The crews performance in these areas was compared to pre-established operator action expectations, procedural compliance, and successful critical task completion requirements. Documents reviewed are listed in the Attachment.

This inspection constituted one quarterly licensed operator requalification program simulator sample as defined in IP 71111.11-05.

b. Findings

No findings were identified.

.2 Resident Inspector Quarterly Observation of Heightened Activity or Risk

On April 16, 2012, the inspectors observed activities in the control room during a power reduction to conduct turbine stop valve testing after turbine upgrades from an extended power up-rate. This was an activity that required heightened awareness or was related to increased risk. The inspectors evaluated the following areas:

  • licensed operator performance;
  • crews clarity and formality of communications;
  • ability to take timely actions in the conservative direction;
  • prioritization, interpretation, and verification of annunciator alarms;
  • correct use and implementation of procedures;
  • control board manipulations;
  • oversight and direction from supervisors; and
  • ability to identify and implement appropriate TS actions and Emergency Plan actions and notifications.

The performance in these areas was compared to pre-established operator action expectations, procedural compliance, and critical task completion requirements.

Documents reviewed are listed in the Attachment.

This inspection constituted one quarterly licensed operator heightened activity/risk sample as defined in IP 71111.11-05.

b. Findings

No findings were identified.

.3 Conformance With Examination Security Requirements

a. Inspection Scope

The inspectors reviewed the facility licensees exam physical security controls (e.g.,

access restrictions and simulator input/output (I/O) controls, simulator software) and integrity measures (e.g., security agreements, simulator software access) throughout the inspection period.

b. Findings

One licensee-identified NCV is documented in Section 4OA7 of this report. No other issues were identified.

1R12 Maintenance Effectiveness

.1 Routine Quarterly Evaluations

a. Inspection Scope

The inspectors evaluated degraded performance issues involving the following risk-significant system:

  • Auxiliary Building Floor Drain System.

The inspectors reviewed historic equipment issues associated with the auxiliary building floor drain system and independently verified the licensee's actions to address condition or performance problems in terms of the following:

  • implementing appropriate work practices;
  • identifying and addressing common cause failures;
  • scoping of systems in accordance with 10 CFR 50.65(b) of the maintenance rule;
  • characterizing system reliability issues for performance;
  • charging unavailability for performance;
  • trending key parameters for condition monitoring;
  • verifying appropriate performance criteria for SSCs/functions classified as (a)(2),or appropriate and adequate goals and corrective actions for systems classified as (a)(1).
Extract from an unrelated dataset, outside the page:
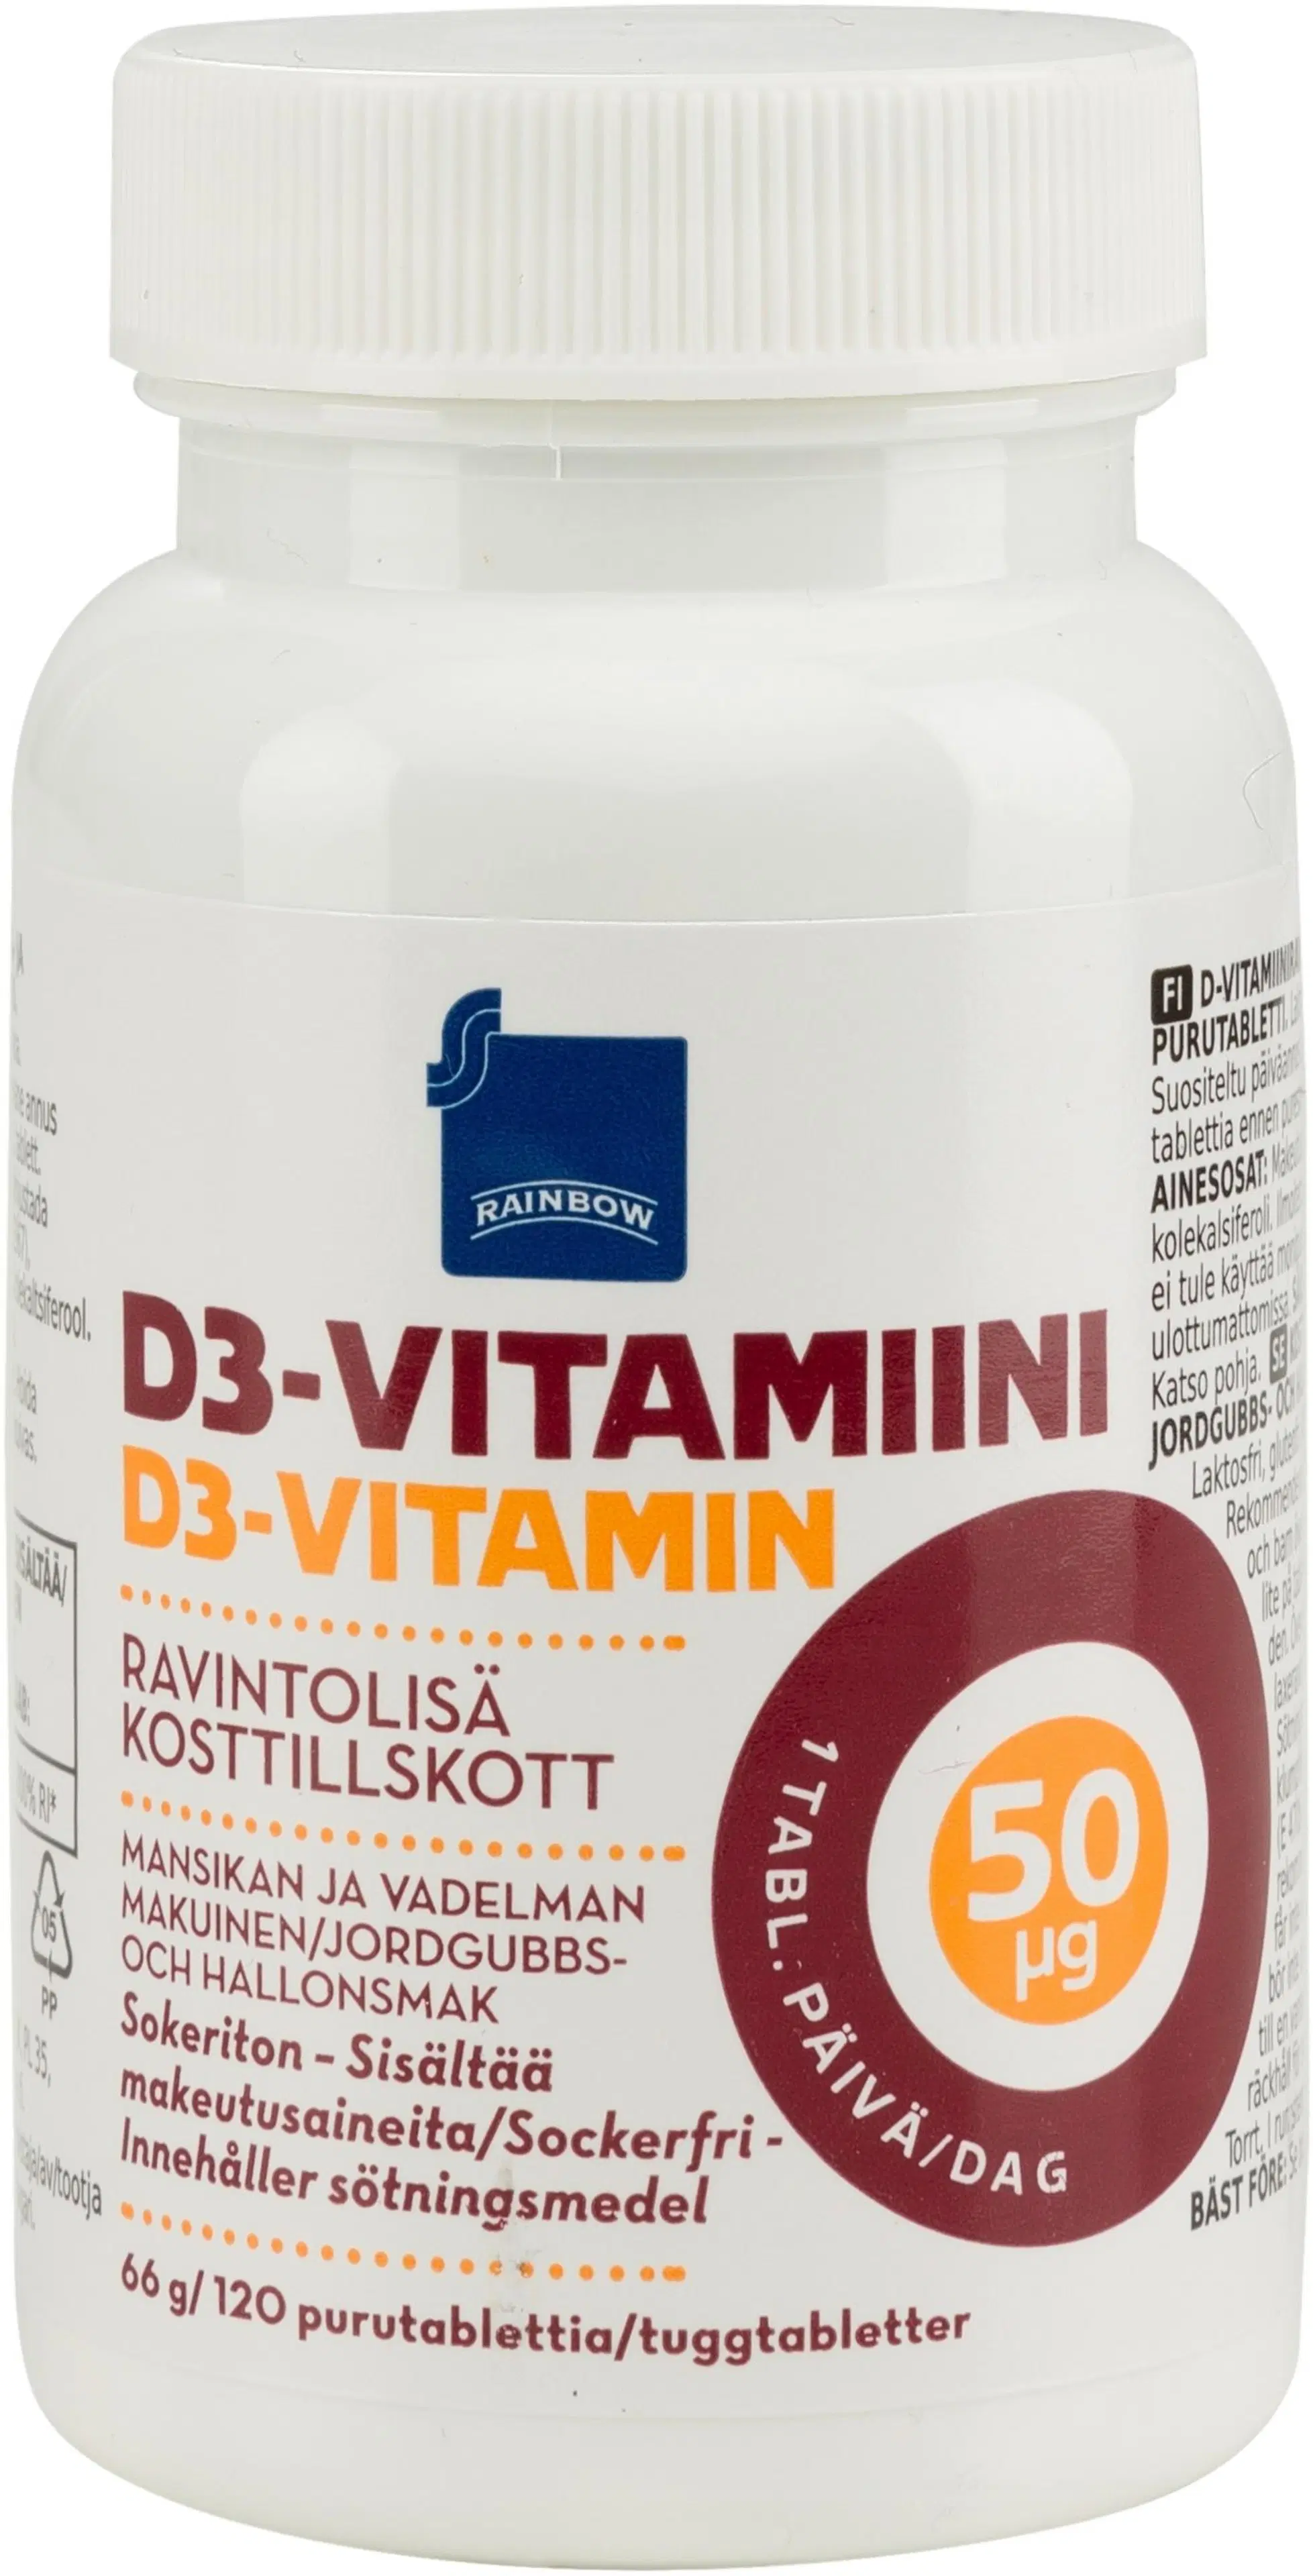 Rainbow D3-vitamiini 50μg ravintolisä 66g/120 purutablettia mansikan- ja vadelmanmakuinen

The inspectors assessed performance issues with respect to the reliability, availability, and condition monitoring of the system. In addition, the inspectors verified maintenance effectiveness issues were entered into the CAP with the appropriate significance characterization. Documents reviewed are listed in the Attachment.

This inspection constituted one quarterly maintenance effectiveness sample as defined in IP 71111.12-05.

b. Findings

No findings were identified.

1R13 Maintenance Risk Assessments and Emergent Work Control

.1 Maintenance Risk Assessments and Emergent Work Control

a. Inspection Scope

The inspectors reviewed the licensee's evaluation and management of plant risk for the maintenance and emergent work activities affecting risk-significant and safety-related equipment listed below to verify that the appropriate risk assessments were performed prior to removing equipment for work:

  • Unit 1 Safety-Related Bus 141 Outage - Special Risk Assessment;
  • Direct Current Bus 212-112 Cross-Tied - Planned Unit 2 Yellow Risk;
  • Unit 1 Refueling Outage Risk Management Plan.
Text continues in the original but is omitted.